We want to avoid getting so many fields in graylog(avoiding hitting 1000 fields limit in one index).

The graylog setup A today is:

• 1 graylog input for all 4 logs: Application, Security, Setup, System.
• 1 stream for all 4 logs.
• 1 index for all 4 logs.

We are considering some alternatives,

Alternative setup B:
• 1 graylog input for all 4 logs.
• 1 stream and sream rule for each of the 4 logs(Field Channel must match exactly Security etc))= 4 streams with stream rule.
• 1 index for each of the 4 streams= 4 index.

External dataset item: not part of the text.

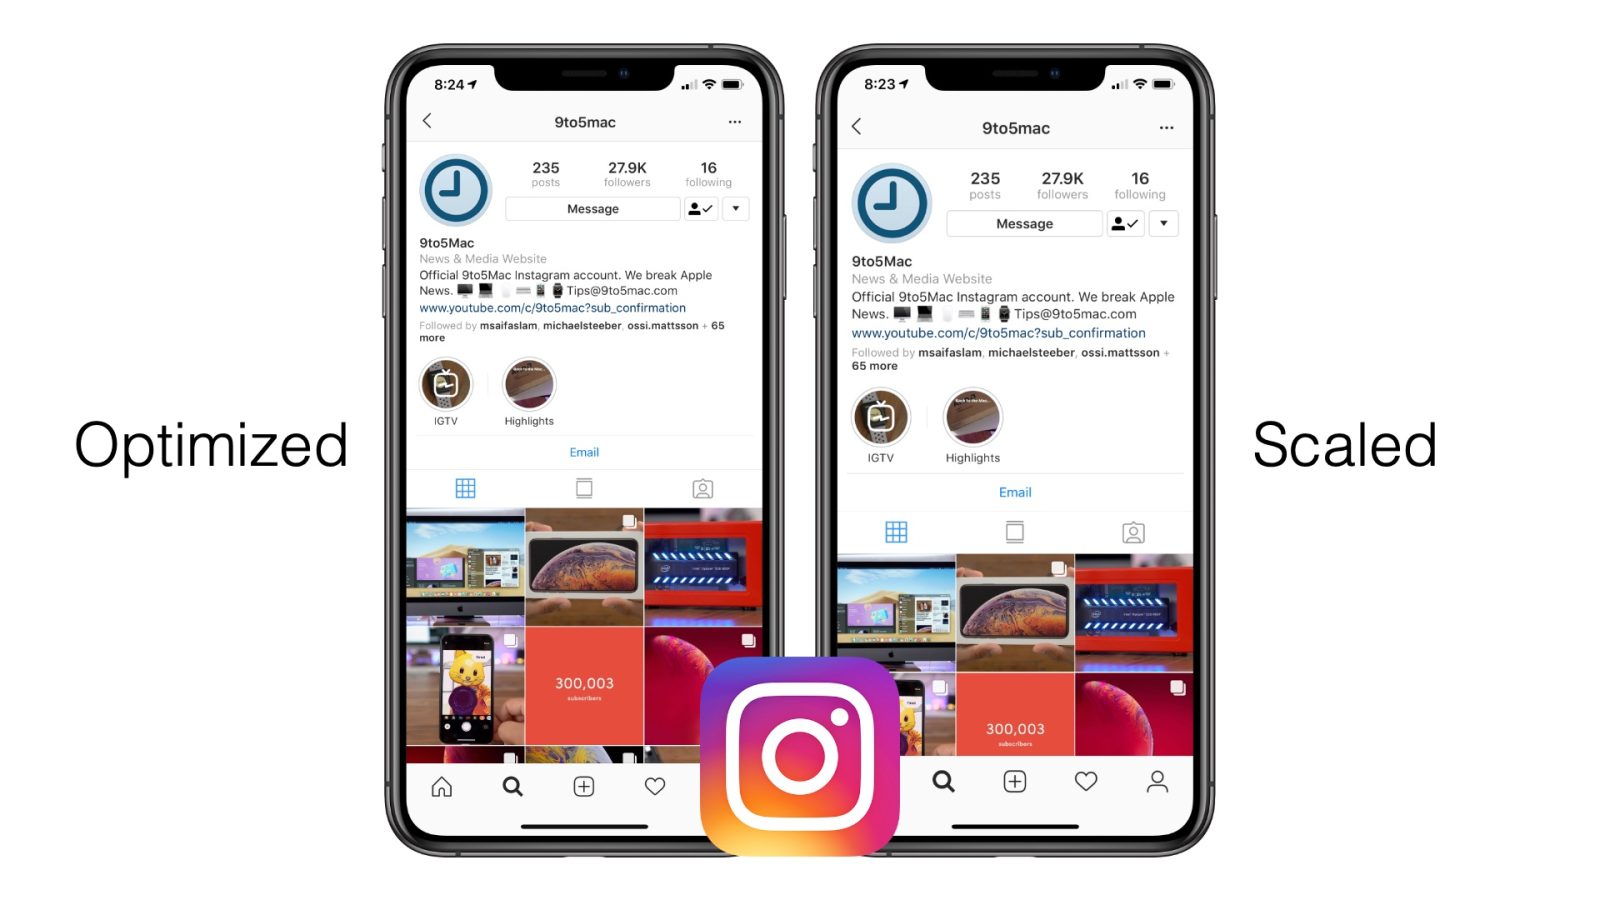 instagram for iphone xr and xs max no longer optimized here s why - app to increase instagram followers for iphone
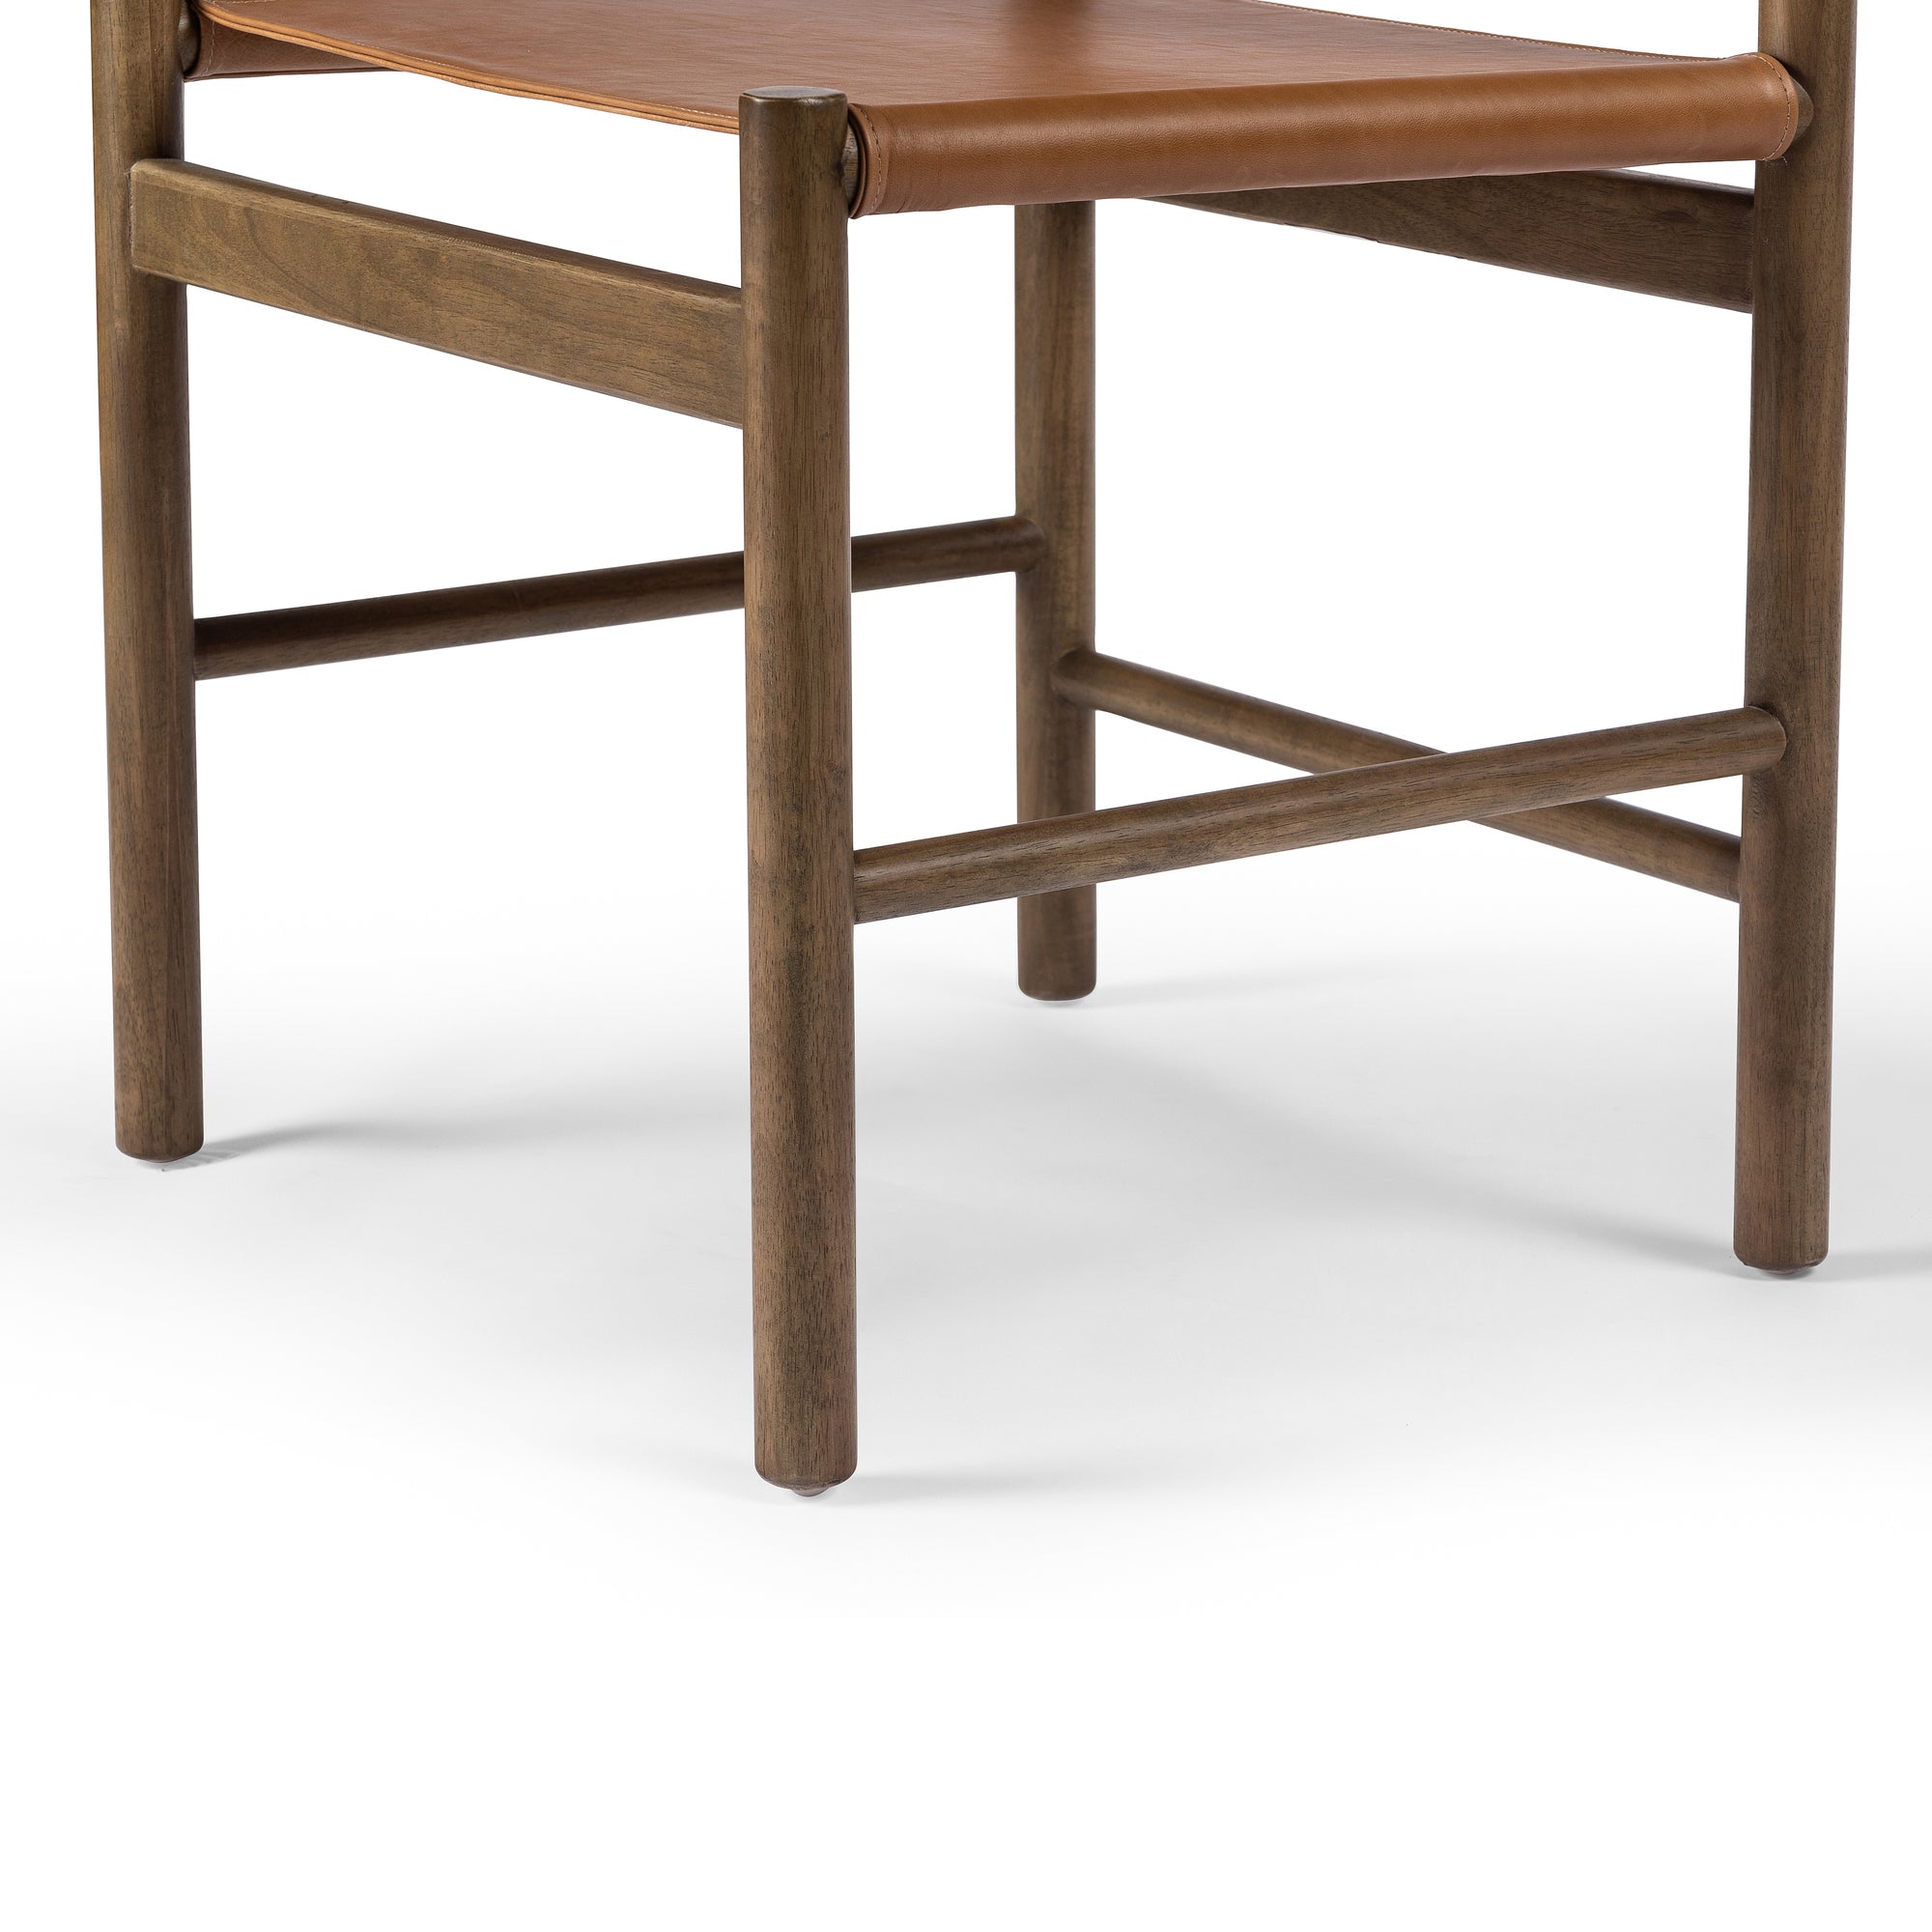 Kena Dining Chair SONOMA BUTTERSCOTCH

When we try setup B, my dedicated Security stream still contains 1115 fields.

Alternative setup C:
• 1 graylog input for each of the 4 logs = 4 separate inputs.
• 1 stream for each of the 4 logs= 1 index per input.
• 1 index for each of the 4 logs= 1 index per input.

Any thoughts about this?
BR Andreas
============Update=============
Thanks for the input on this matter @jochen
We decided on “Alternative Setup B”, and it works.
No fields limit warnings.
We also made a “garbage” stream and index that collects anything that’s not captured by the 4 streams and their rules just to be aware of anything “wrong”. We collect about 2500 W7 nxlog clients and it seems ok after 2 weeks.

@Magneton, yes we will probably collect Power shell logs too, as they might contain logs related to security.
We use the event viewer to create queries, that’s a good input on the matter.
Regarding your question about best practice to have individual index for a stream, it seems like a good practice, but as always it depends on the data :slight_smile:


(Jochen) #2

I’d go with setup B or, if you really need or want to manage 4 inputs, setup C.

As long as the messages are sorted into the 4 separate streams and are removed from the “All messages” stream, this should work (given that the messages in these 4 categories have less than 1000 distinct field names per index).

If everything fails, you can use the Processing Pipeline to remove any fields you don’t need from the messages and reduce the cardinality of message fields that way.


(Jake Smith) #3

Githubkatten,

Why don’t you try to use filters on your NXlog configuration rather than sending everything?

This will cut down the fields and the event noise received by Graylog.

You can use event viewer in Windows to create your queries.

You are also missing logging some important things such as powershell logs.

Just do a search for nxlog github and you will find many examples.

Cheers

Jake


(Jake Smith) #4

Jochen,

Sorry for hijacking the thread, but i wanted to ask.

Is it best practice to have individual indexes for a stream?

Cheers Jake


(system) #5

This topic was automatically closed 14 days after the last reply. New replies are no longer allowed.